Yes
The thing about brands and reputations is that they are audience specific. Unless your country has a history of abusing tourists and investors, you do not really even need to rebrand because there is nothing wrong with your tourist and investor brands.
I'll ignore tourism because I do not really understand why you'd want drunken tourists polluting your beaches and drawing graffiti on thousand year old statues. But the process is similar to that with investors. Sell the gain, manage the threats.
For investors the gain is all about the money. If they invest in your country can they expect healthy profit? That is the primary part of your investor brand. Basically you just have to be willing to let the investors profit and investment will come. Of course you have to find some balance where the investments also benefit you but that is outside this topic.
The rest comes from all the other concerns that increase investor risk. Is there corruption? Does political instability make taxation and labor laws unpredictable? Is there unrest that might result in terrorism affecting your investment or employees? Is the government involved with things that might lead to embargoes or boycotts? Is there economic instability that might lead to things such as nationalizations?

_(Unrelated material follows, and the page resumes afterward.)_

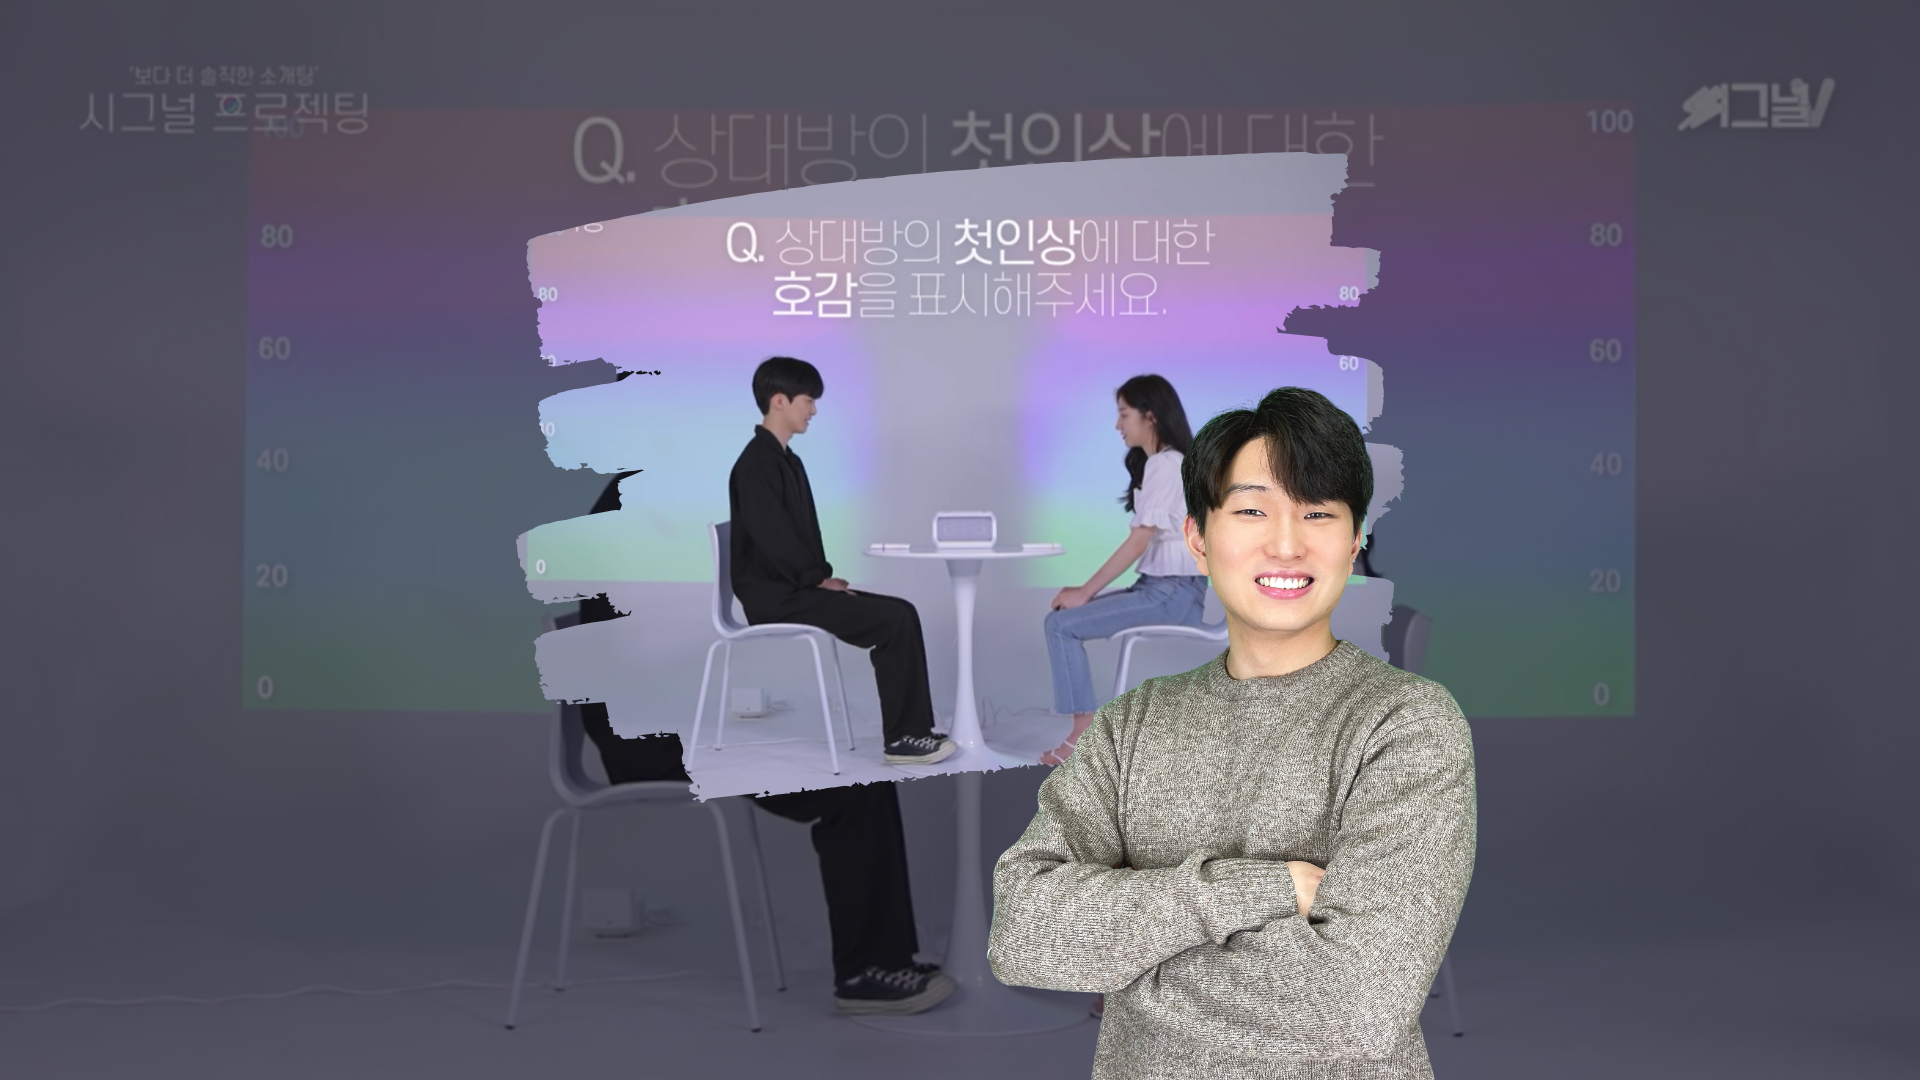 Learning Korean with blind date video

Closer the answer to those questions is to "no", the better your brand will be.
This sounds simple but many of these issues are actually very hard problems that you cannot fake in the long run. Just saying you are committed to fighting corruption will only take you that far, you will eventually need results. Saying you are committed to peace with your neighbours is fine but you will need to actually solve all those border disputes or they will grow into real issue. While investors and politicians are usually perfectly happy to ignore human rights issues, you do not want "ignores human rights issues" as a permanent part of your brand, so you'll want some results there as well. And so on.
The short advice on this is to act in a manner that makes clear that you value your investor brand and by extension the investors and their concerns.

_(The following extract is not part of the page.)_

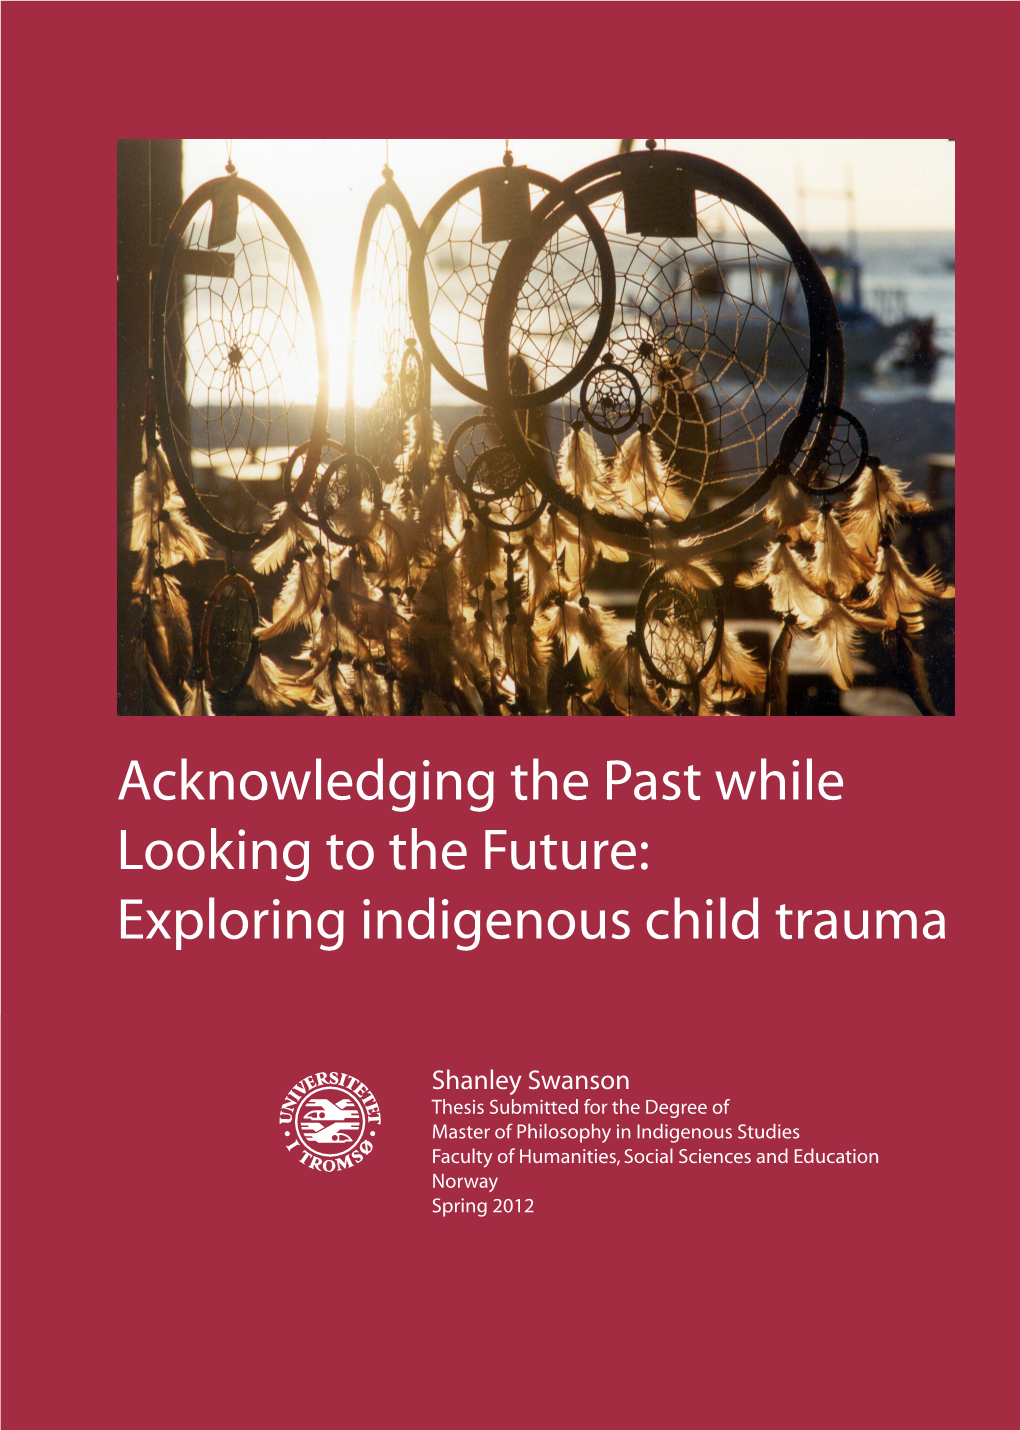 Acknowledging the Past While Looking to the Future: Exploring Indigenous Child Trauma

You can just copy the way Apple does it. Both Steve Jobs and Tim Cook have personally made clear that they personally are committed to protecting the Apple consumer brand and that Apple values its customers "more than the competition". This has been repeated over the years to the point of nausea.

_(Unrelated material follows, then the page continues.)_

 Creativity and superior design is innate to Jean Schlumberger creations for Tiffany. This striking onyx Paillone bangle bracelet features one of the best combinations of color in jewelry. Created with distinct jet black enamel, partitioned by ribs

Does Apple really care more about its customers? Doesn't matter, really. What does matter is that nobody can really doubt they are committed to protecting their brand with their customers. They will pay the price and the CEO will personally apologize and try to make things right. They will even fight the federal government on a case related to terrorism. Because they are committed.
That said, governments cannot generally focus on a single audience like Apple can, so you'll need to exercise some moderation and make lots of hard compromises. But whenever you make anything that is bad for investors, there should very clear and compelling reason and some person of authority should personally explain and apologize for the necessity.
Also remember that "bad" and "not what investors wanted" are entirely different things. Investors are generally fairly bad at wanting what they actually need. And knowing what they actually want. So in practice you will need to figure out what they really want and then sell it to them. You can copy this part from Steve Jobs as well.